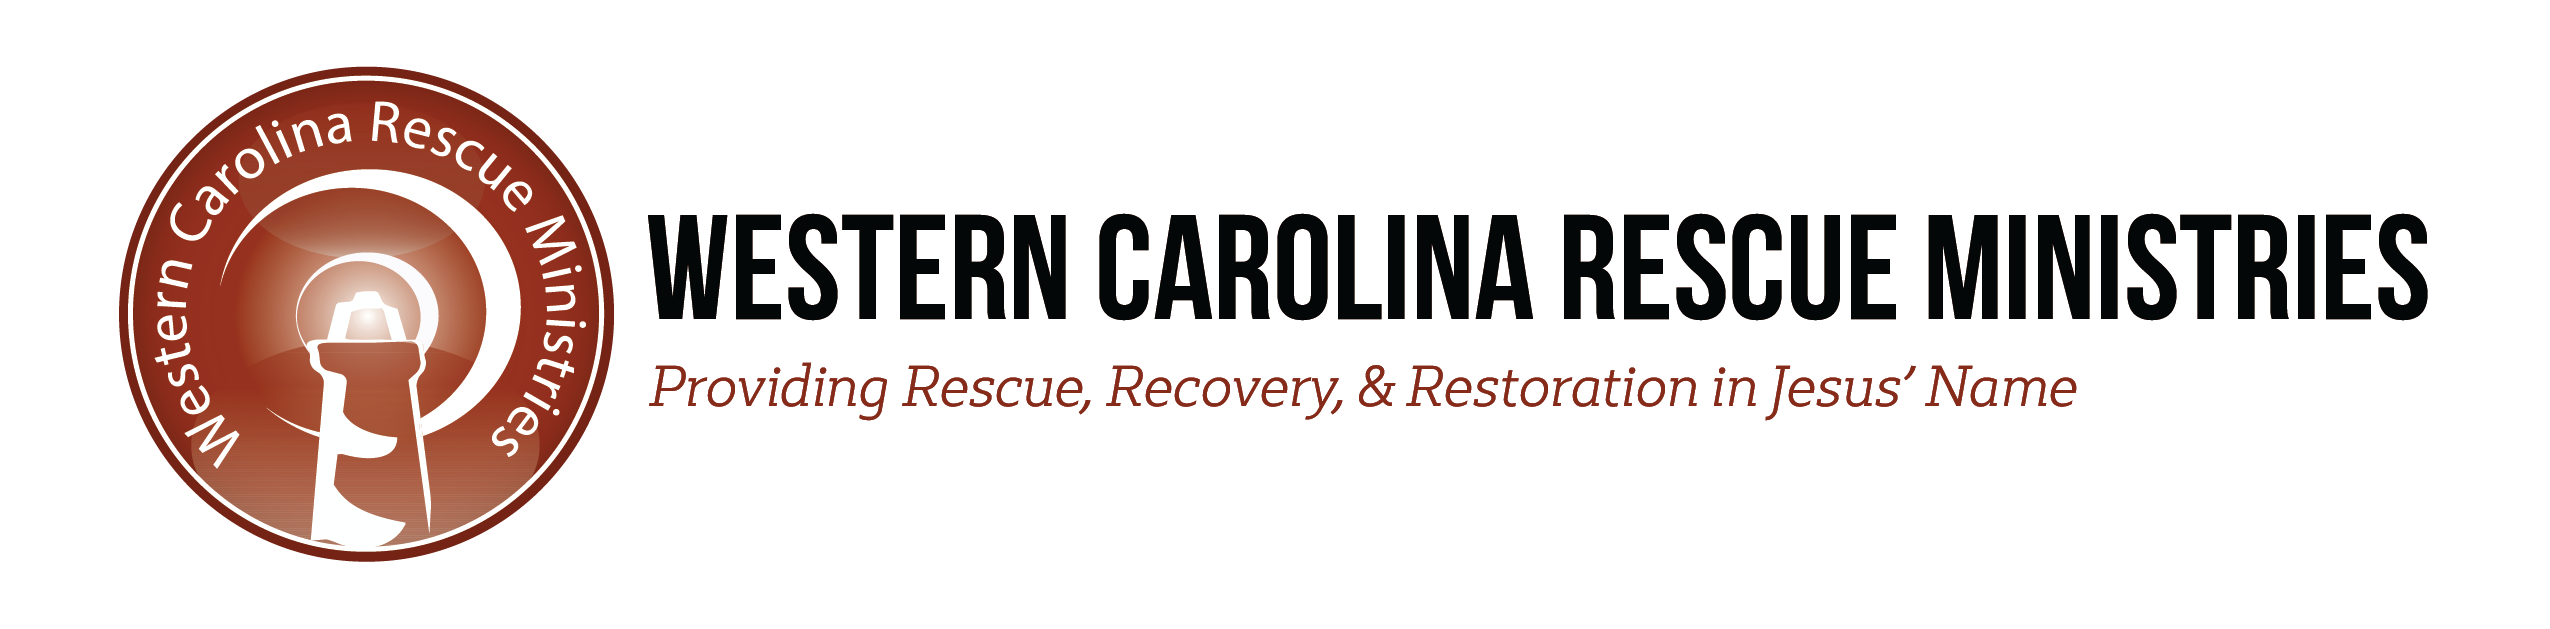 Western Carolina Rescue Ministry Logo
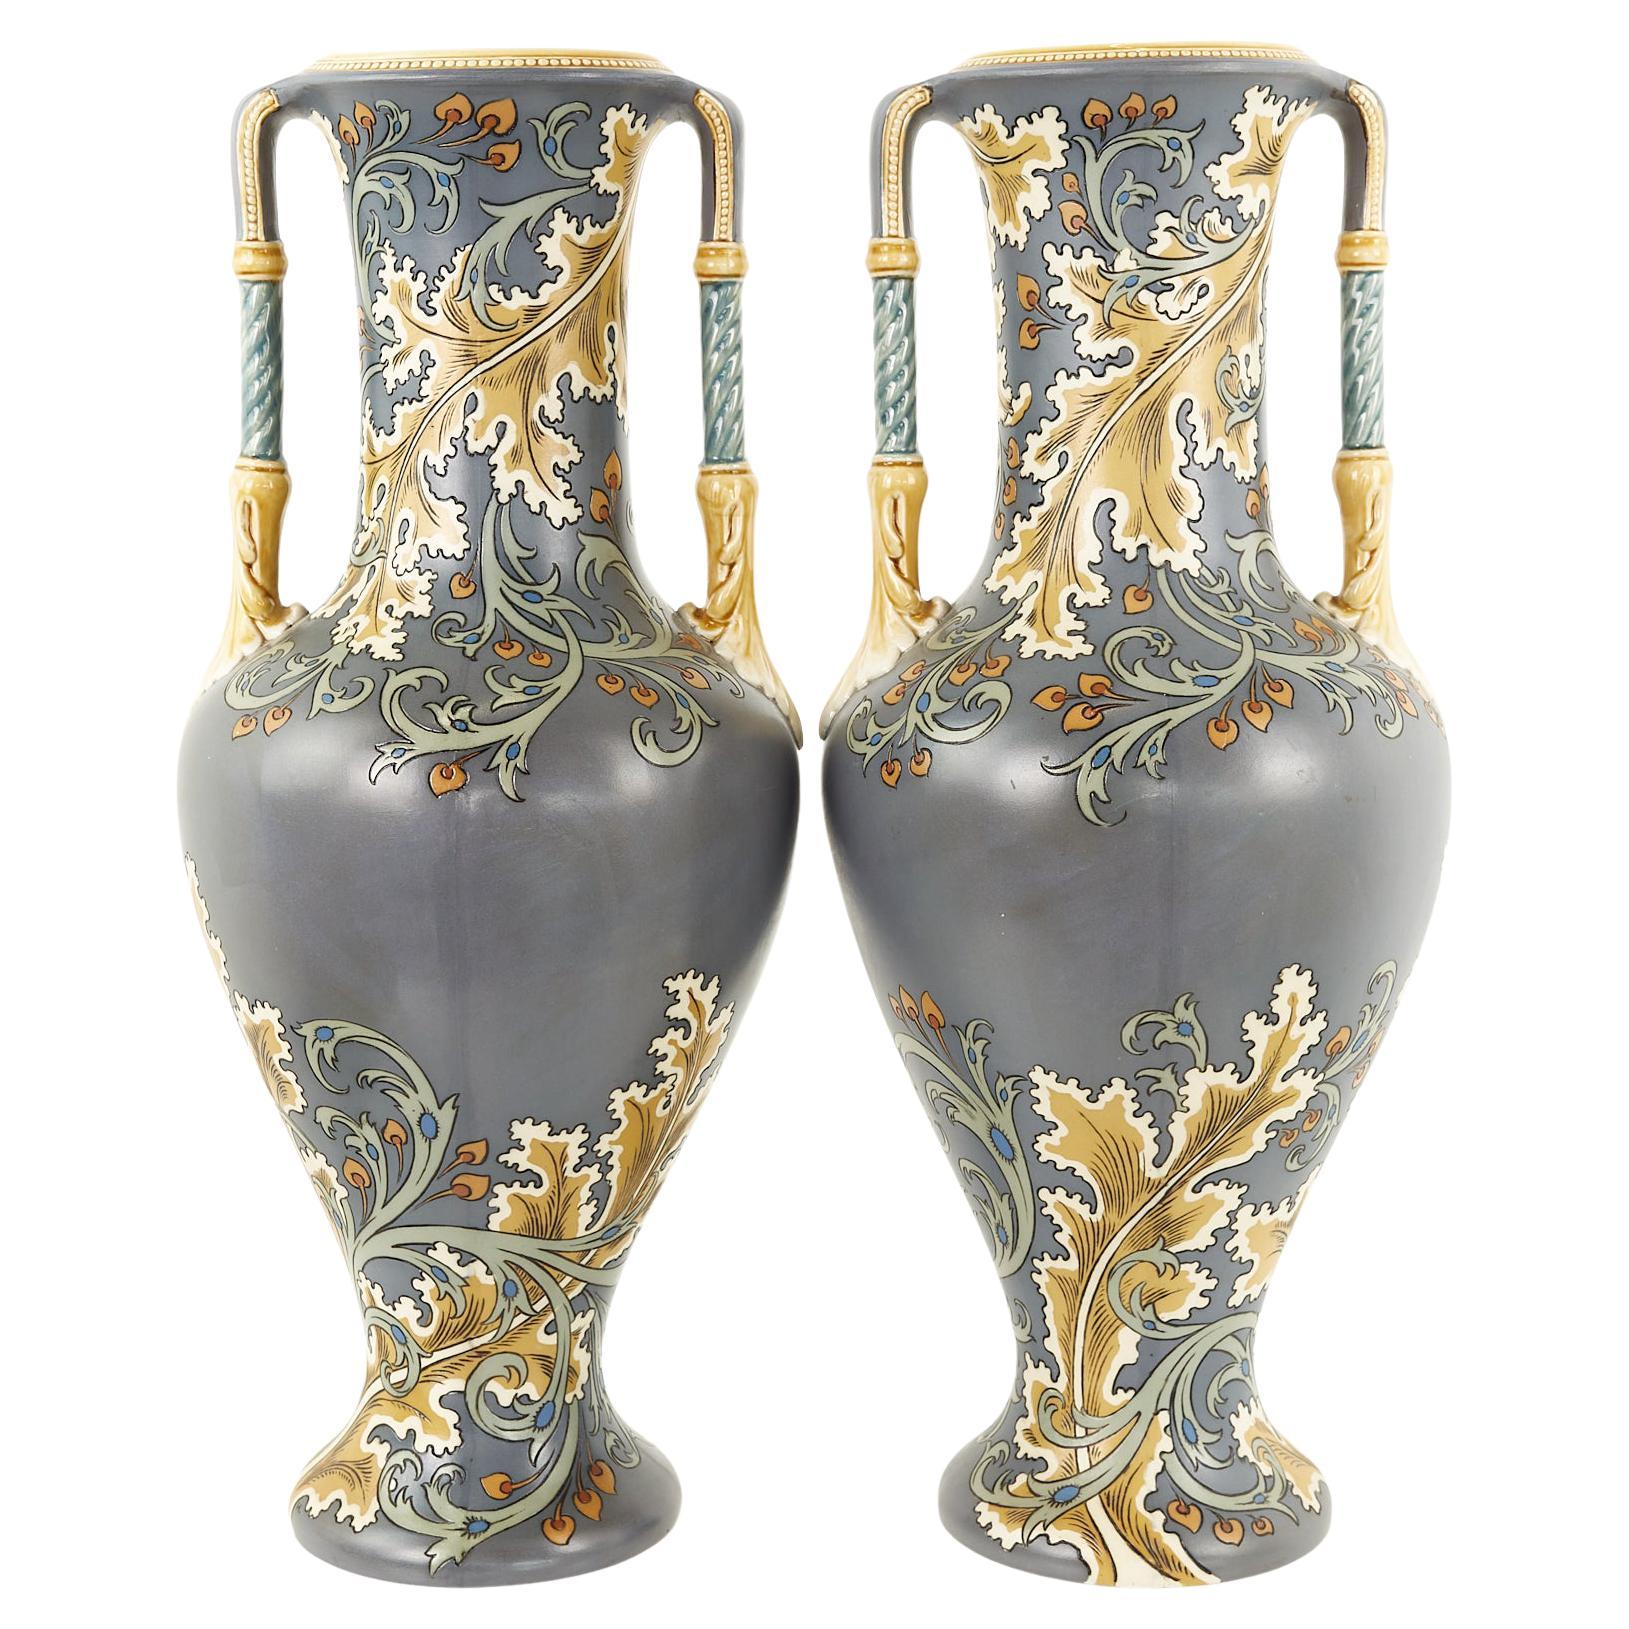 Floral Art Nouveau Vase by Mettlach, Later Villeroy & Boch, a Pair For Sale
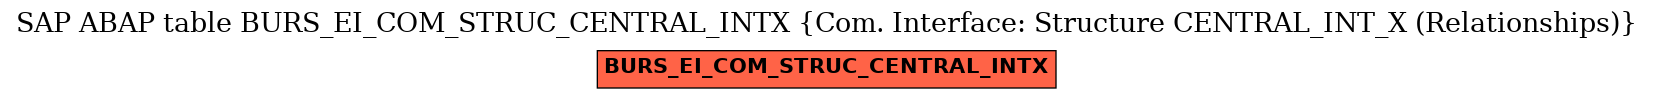 E-R Diagram for table BURS_EI_COM_STRUC_CENTRAL_INTX (Com. Interface: Structure CENTRAL_INT_X (Relationships))

┄┄┄┄┄┄

▶ The task: Only the lines from the one containing "Floral Art Nouveau" through the end of the listing above should be reproduced, exactly as they stand. Leave the pictures out.

▶ Answer box:
 Floral Art Nouveau Vase by Mettlach, Later Villeroy & Boch, a Pair For Sale
 E-R Diagram for table BURS_EI_COM_STRUC_CENTRAL_INTX (Com. Interface: Structure CENTRAL_INT_X (Relationships))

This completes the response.